The Boeing 707, operated by Alia, had been chartered by Nigeria Airways to fly pilgrims back from Jeddah, Saudi Arabia to Lagos, Nigeria. Due to bad weather conditions at Lagos, the pilots had to divert the flight to Kano.
The pilots had to make a second landing attempt due to low visibility from haze and a harmattan. Kano International Airport was experiencing high winds at the time. The aircraft landed nose wheel first, and the nose wheel collapsed after hitting a depression in the runway. The right main landing gear leg subsequently collapsed. The aircraft turned 180 degrees, left the runway and burst into flames.

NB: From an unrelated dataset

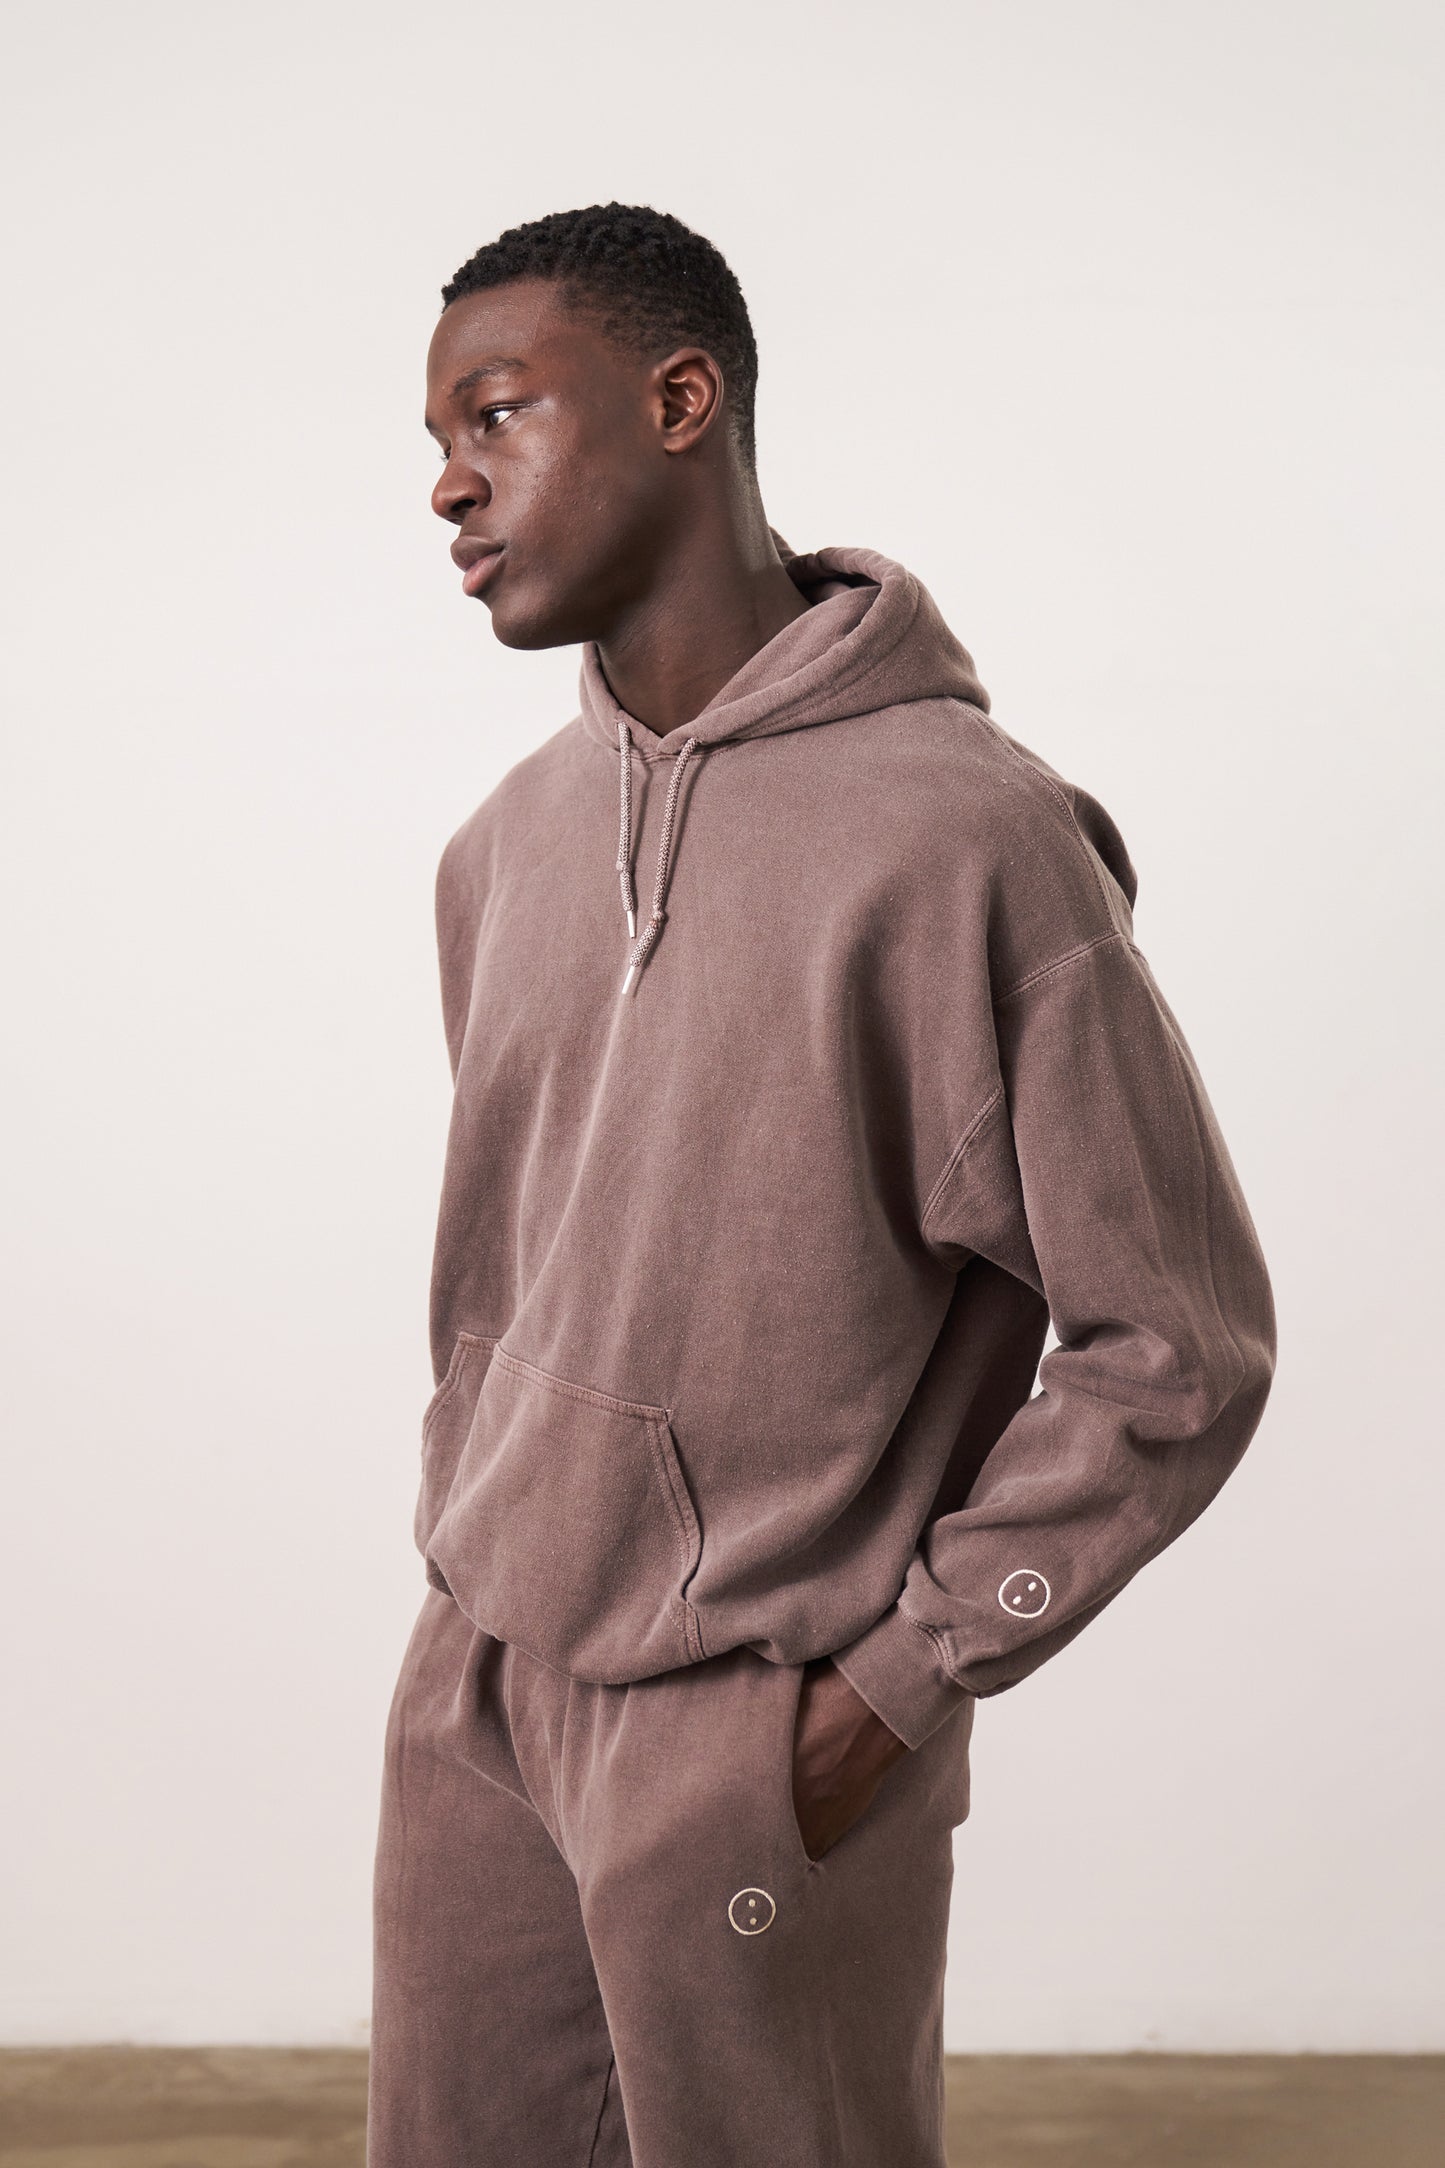 Essentials Vintage Washed Hoodie - Cocoa
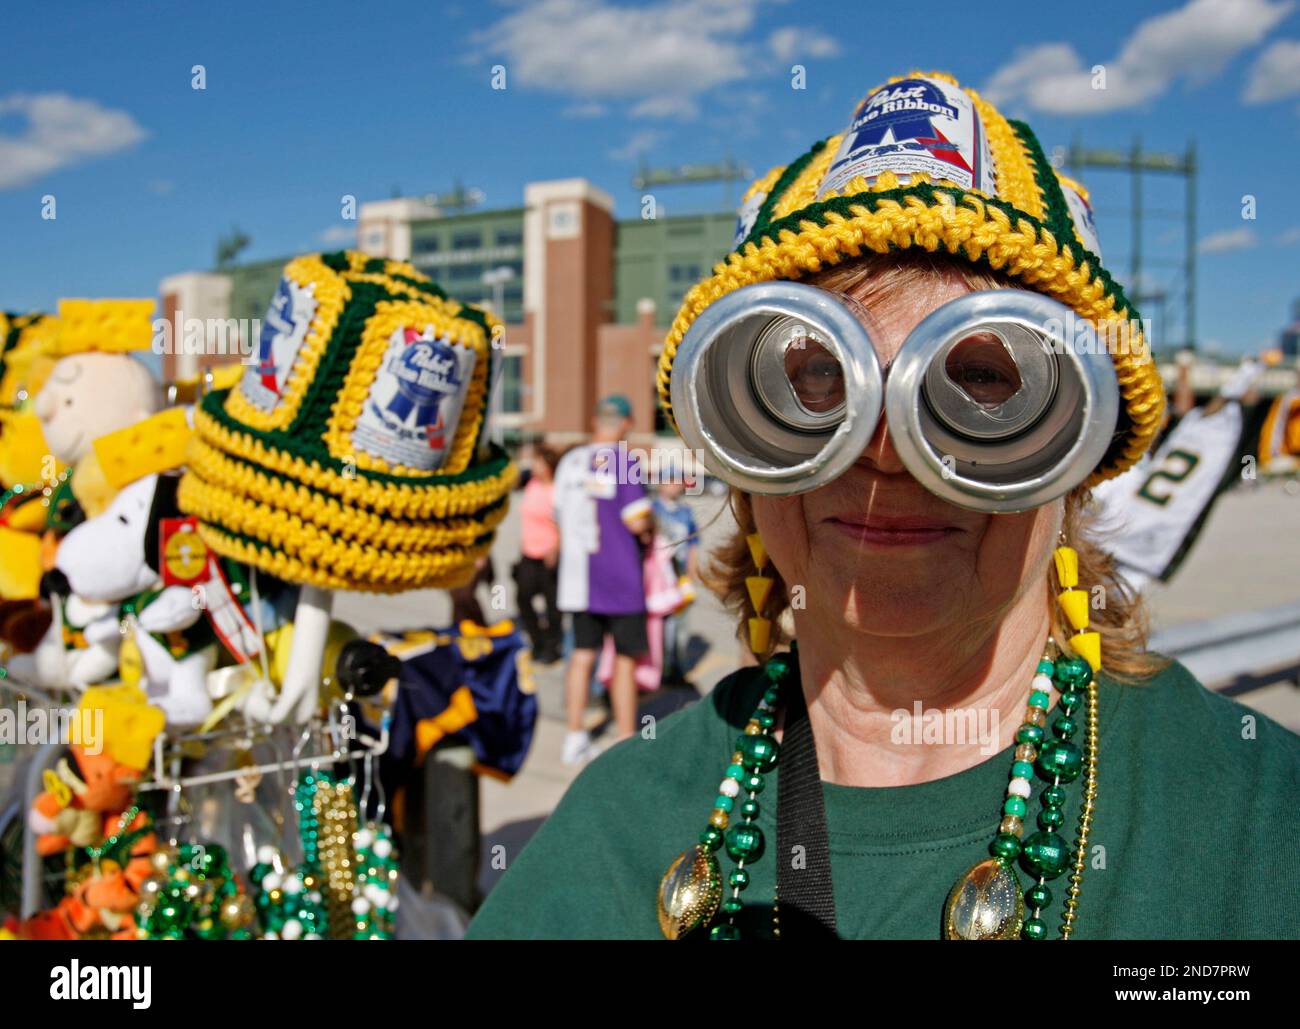 Sharon Meyer models some beer goggles that she is selling outside Lambeau  Field before an NFL preseason football game between the Green Bay Packers  and the Indianapolis Colts Thursday, Aug. 26, 2010,

Of the 202 passengers and crew on board, 176 died and 26 survived, including captain Waterman. At the time, the crash surpassed Aeroflot Flight 217 to become the world's deadliest aviation accident, a distinction it only held for about 14 months until Turkish Airlines Flight 981 crashed in France, killing 346 people. The Kano aircraft crash was also the deadliest aviation disaster involving a Boeing 707 at the time until another Alia Royal Jordanian plane crashed in Morocco two years later.

== Investigation ==
In 1975, the Nigerian government concluded that the cause of crash was pilot error, stating that captain Waterman flew the aircraft in a reckless manner. According to GeoJournal, the crash was the result of a "mechanical factor". A UK Civil Aviation Authority (CAA) paper published in 2003 references the crash and an assessment that all fatalities were a result of the fire, and reports a "prolonged pause" before evacuation.